No multiply instruction.
LDR/STR instructions with register specified shift amounts. (Withdrawn from
the ARM2.)
No co-processor interface or co-processor instructions.
USR : user mode
IRQ : interrupt mode ( with a private copy of R13 and R14.)
FIQ : fast interupt mode ( private copies of R8 to R14.)
SVC : supervisor mode. (private copies of R13 and R14.)
Only non USR mode code may change the processor mode providing hardware security if the hardware and physical memory is only accessible from privileged, ie non USR mode, code. Due to the top six bits of the program counter being used to hold the processor status flags this chip was restricted to addressing 26 bits of memory, or a 64 Megabyte address space. In actuality there are eight bits of processor status held in the PC register. Because an ARM instruction is always four bytes long the bottom two bits of the PC were always an implied zero when the register was being used as a PC. When that register is used for other operations the bottom bits reflect the mode the processor is operating in. (00 - USR, 01 - IRQ, 10 - FIQ & 11 - SVC)
A three stage instruction pipeline allows the chip to execute instructions quickly with a fairly low transistor count. One side effect of the pipeline is the ability to get a 'free' rotation/shift on every instruction as one stage of the pipeline dealth exclusively with a barrel shift of a given register. Combined with the condition execution of every instruction then long runs of code without branches, which stall the pipeline, could be achieved allowing a fairly high instruction execution speed for the clock rate. (About 0.6 instructions per clock cycle on average)
The ARM2 chip was the first, not to mention only, incarnation of this cell and was clocked at 8 MHz giving an average performance of 4-4.7 MIPS.
Rumours abound of 20 MHz ARM2 chips having been produced and used.
Currently no information about this has been seen by the document
maintainer.
Finally one new instruction was added, the SWP instruction. A monotonic register to memory swap command useful for multi-processor arrays.
Several speeds of ARM3 chips were produced. Initially 26 MHz varieties were released with the A540 machines, then 25 MHz versions were used in the A5000 and 24 MHz ones in the A4. Finally a 33MHz version was produced and used in the alpha variant of the A5000.

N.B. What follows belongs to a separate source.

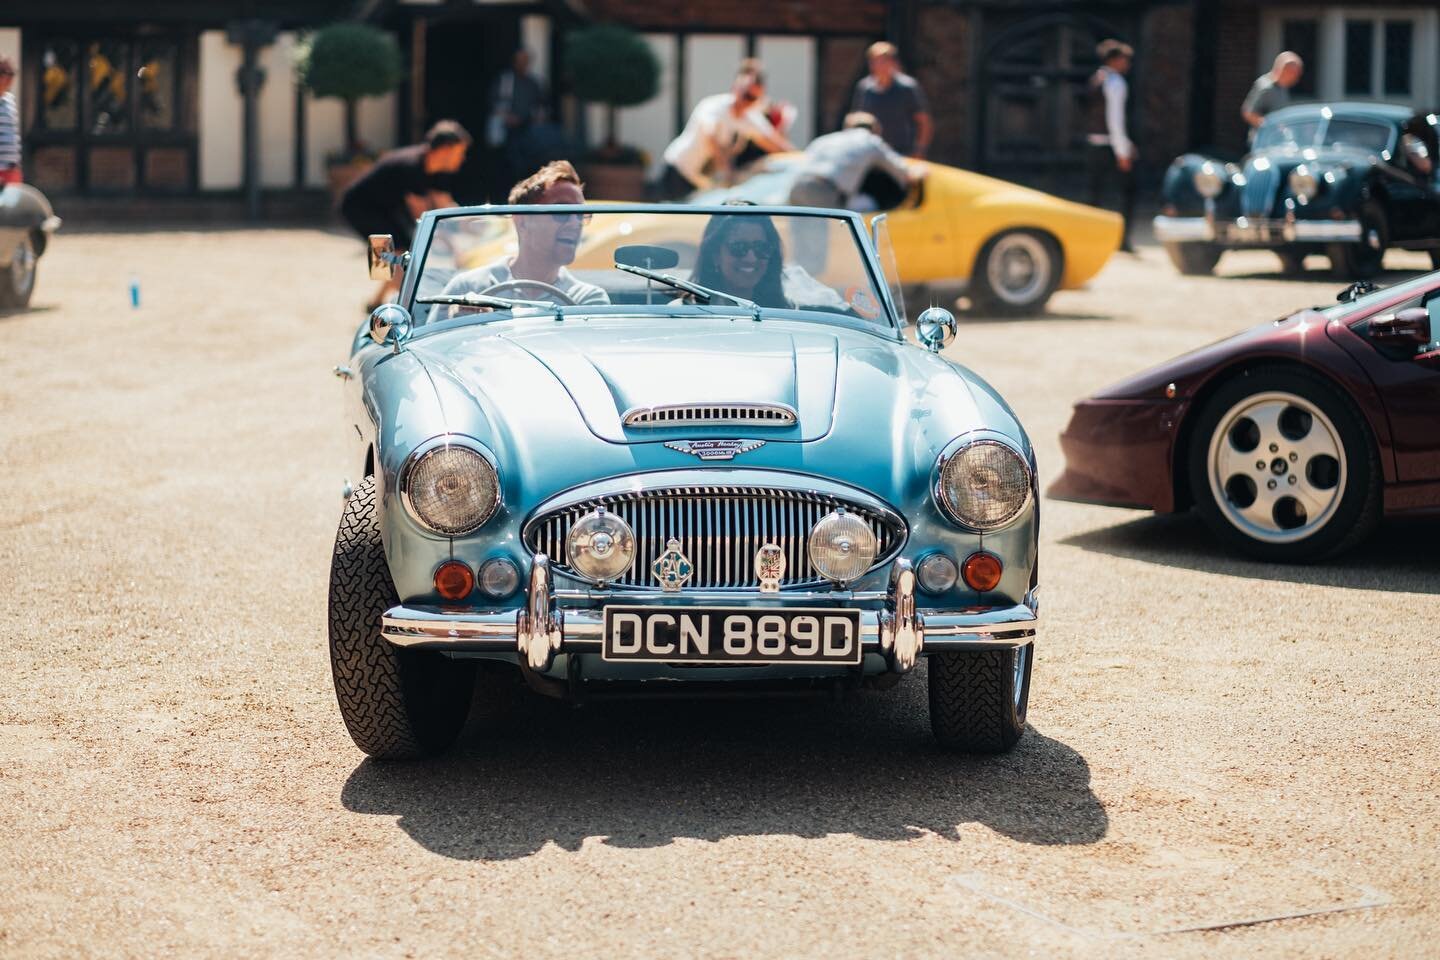 &ldquo;I&rsquo;ve been part of the Hope Classic Rally for the past few years and every year has been wonderful and memorable. From the privilege of driving an amazing car through the British countryside, to the evening dinner and entertainment, to ra

However this is merely the bulk produced versions. Many third parties have taken lower rated ARM3 chips and tested them at higher speeds, sorting the ARM3s into classes of chips that could work at varying speeds. Consequently there are hordes of ARM3 chips out there running at varying speeds. The highest I have heard of is about 37 MHz.
A second incarnation of the chip was as the ARM250 which was a 12MHz variant of the ARM3 cell and had the IOC1, VIDC1a and MEMC1 chips all integrated into the one chip but unlike the normal ARM3 it had no processor cache. The ARM250 delivered about 7 MIPS performance.
A 24 MHz ARM3 using a 12MHz main memory will produce an average speed of
execution of 13.26 MIPS. At 33 MHz 17.96 MIPS is delivered.
User32 - 32 bit USR mode.
Supervisor32 - 32 bit SVC mode. (private SPSR register)
IRQ32 - 32 bit IRQ mode. (private SPSR register)
FIQ32 - 32 bit FIQ mode. (private SPSR register)
Abort32 - Memory fetch abort more. (private SPSR register)
Undefined32 Undefined instruction mode. (private SPSR register)
The SPSR register is a Saved Processor Status Register and holds a copy of the CPSR (Current Processor Status Register) when the new mode is entered. The addition of the Abort32 mode and this change, although the CPSR/SPSR is really a corollary of the change to 32bits, allows the ARM6 cell to easily handle virtual memory without the contortions you had to go through on earlier cell ARM chips.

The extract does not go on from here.